# Are these moments related to any usual distribution?

Knowing the moments of a random variable, we are wondering if we can express it in terms of some usual distribution (beta, uniform...), maybe as a product of distributions.

$$X$$ is a $$[0,1]$$-valued random variable with the following moments:

$$\mathbb{E}[X^k]=\frac{2}{3(k+2)}+\frac{8}{(k+1)(k+2)^2(k+3)}.$$

Is it correct to think of $$X$$ as a mixture of two distributions, one being a size biaised distribution? Is the second term related to some common distribution?

Note that for all real $$k\ge0$$ and $$a>0$$ we have $$\frac1{k+a}=\int_0^1 x^k x^{a-1}\,dx.$$ Differentiating in $$k$$, we further get $$\frac1{(k+a)^2}=-\int_0^1 x^k \ln x\, x^{a-1}\,dx.$$ So, doing the partial fraction decomposition, we have $$\frac2{3(k+2)}+\frac8{(k+1)(k+2)^2(k+3)} =\frac2{3(k+2)}-\frac4{k+3}+\frac4{k+1}-\frac8{(k+2)^2} =\int_0^1 x^k f(x)\,dx=EX^k$$ if the pdf of $$X$$ is given by $$f(x):=4+\frac{2x}3-4 x^2+8x\ln x \tag{1}$$ for $$x\in(0,1)$$.

Note also that any compactly supported distribution on $$\mathbb R$$ is uniquely determined by its moments, because then the characteristic function of the distribution is uniquely determined by the moments; here one can use the moment generating function instead of the characteristic one.

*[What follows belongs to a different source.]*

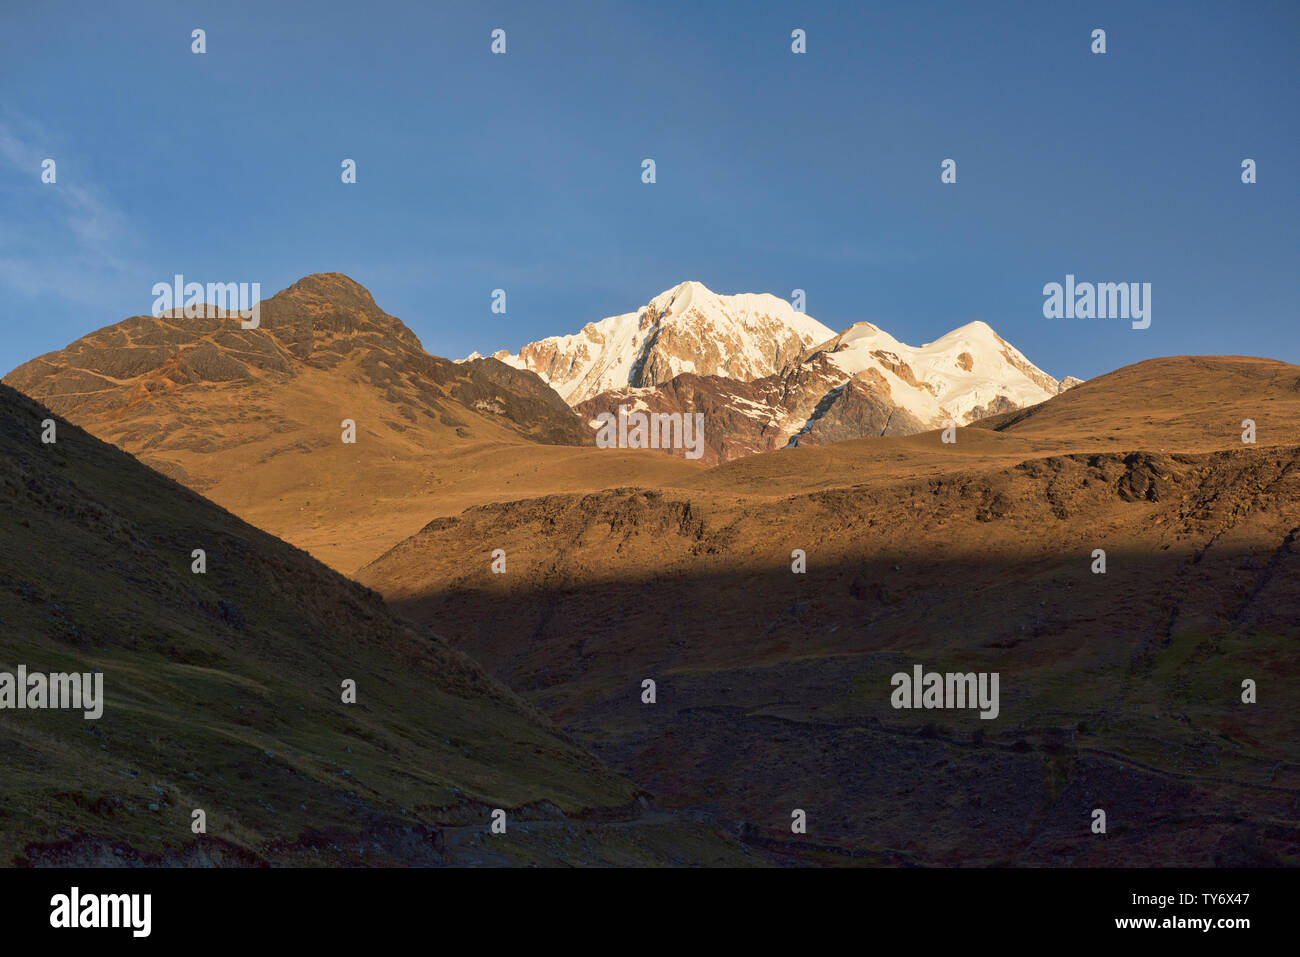 Illampu at sunset, Cordillera Real Traverse, Bolivia - Stock Image
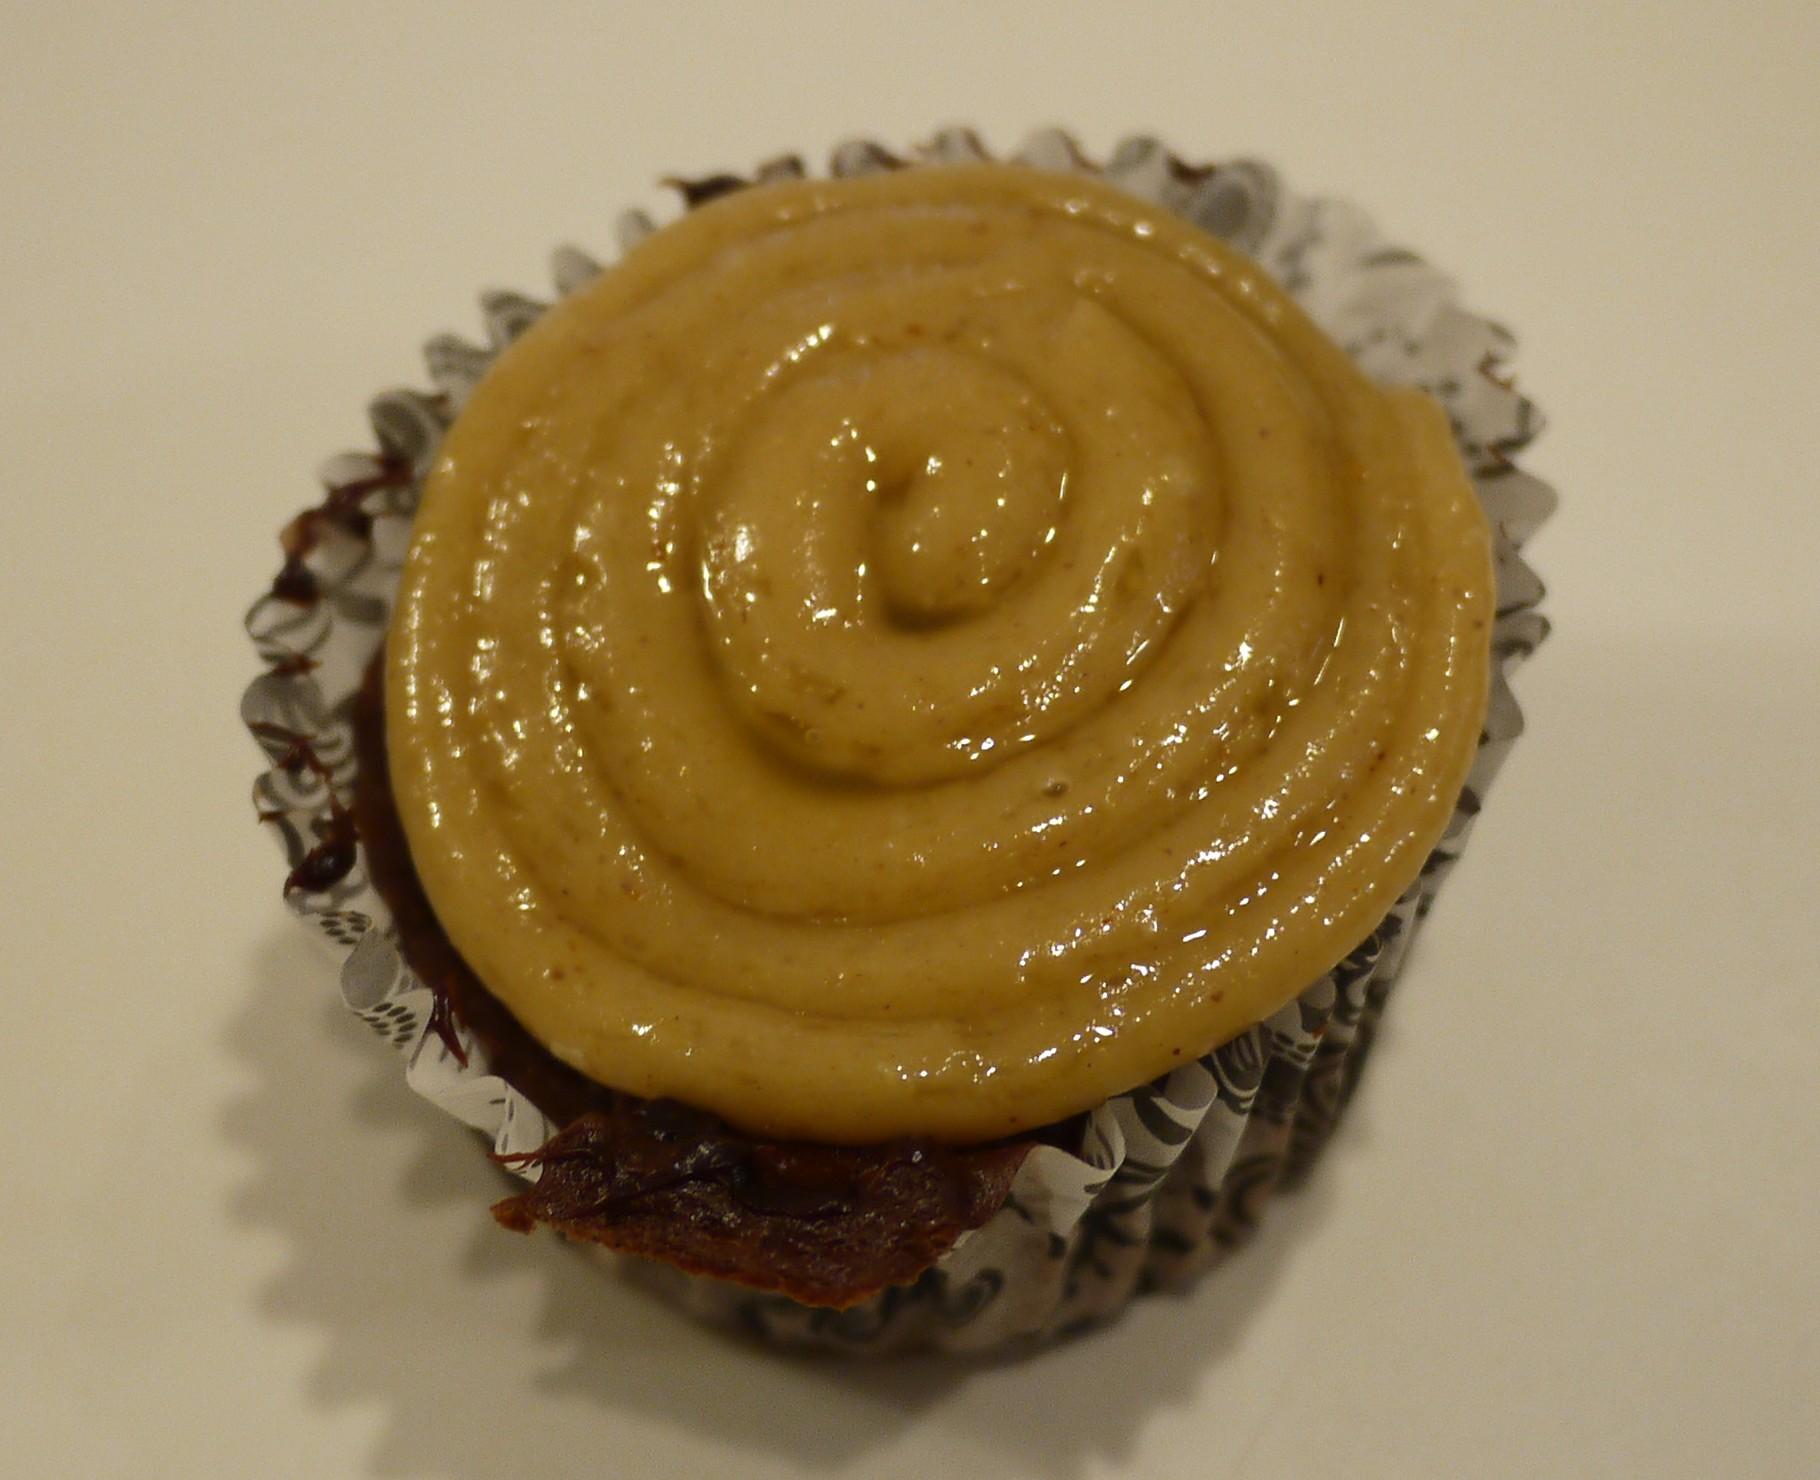 Recipes: Chocolate Cupcakes

So, here the distribution of $$X$$ with its pdf $$f$$ given by (1) is uniquely determined by the moments.

Note further that the function $$f$$ defined by (1) is indeed a pdf. First here, $$\int_0^1 f(x)\,dx=1$$. Also, $$f''(x)=8/x-8>0$$ for $$x\in(0,1)$$ and $$f'(3/5)=-0.219\ldots<0$$. So, $$f$$ is convex on $$(0,1)$$ and hence $$f(x)\ge f(3/5)+f'(3/5)(x-3/5)\ge f(3/5)+f'(3/5)(1-3/5) =0.42006\ldots>0$$ for all $$x\in(0,1]$$. Here is the graph of $$f$$:

This method should work for any compactly supported distribution on $$\mathbb R$$ whose $$k$$th moments are given by a rational (in $$k$$) expression.

I just found what I was looking for: if I consider two independent random variables $$Y$$ and $$Z$$ such that $$Y$$ has law Beta(1,2) and $$Z$$ has law Beta(2,2), then their product $$W:=YZ$$ satifies

$$\mathbb{E}[W^k]=\frac{2}{(k+1)(k+2)}\frac{6}{(k+2)(k+3)}$$.

So the law of $$X$$ is a mixture of a size biaised distribution (which is also the Beta(2,1) distribution) and the product distribution of a Beta(1,2) and a Beta(2,2).

If you see anything that could complete this answer, please let me know.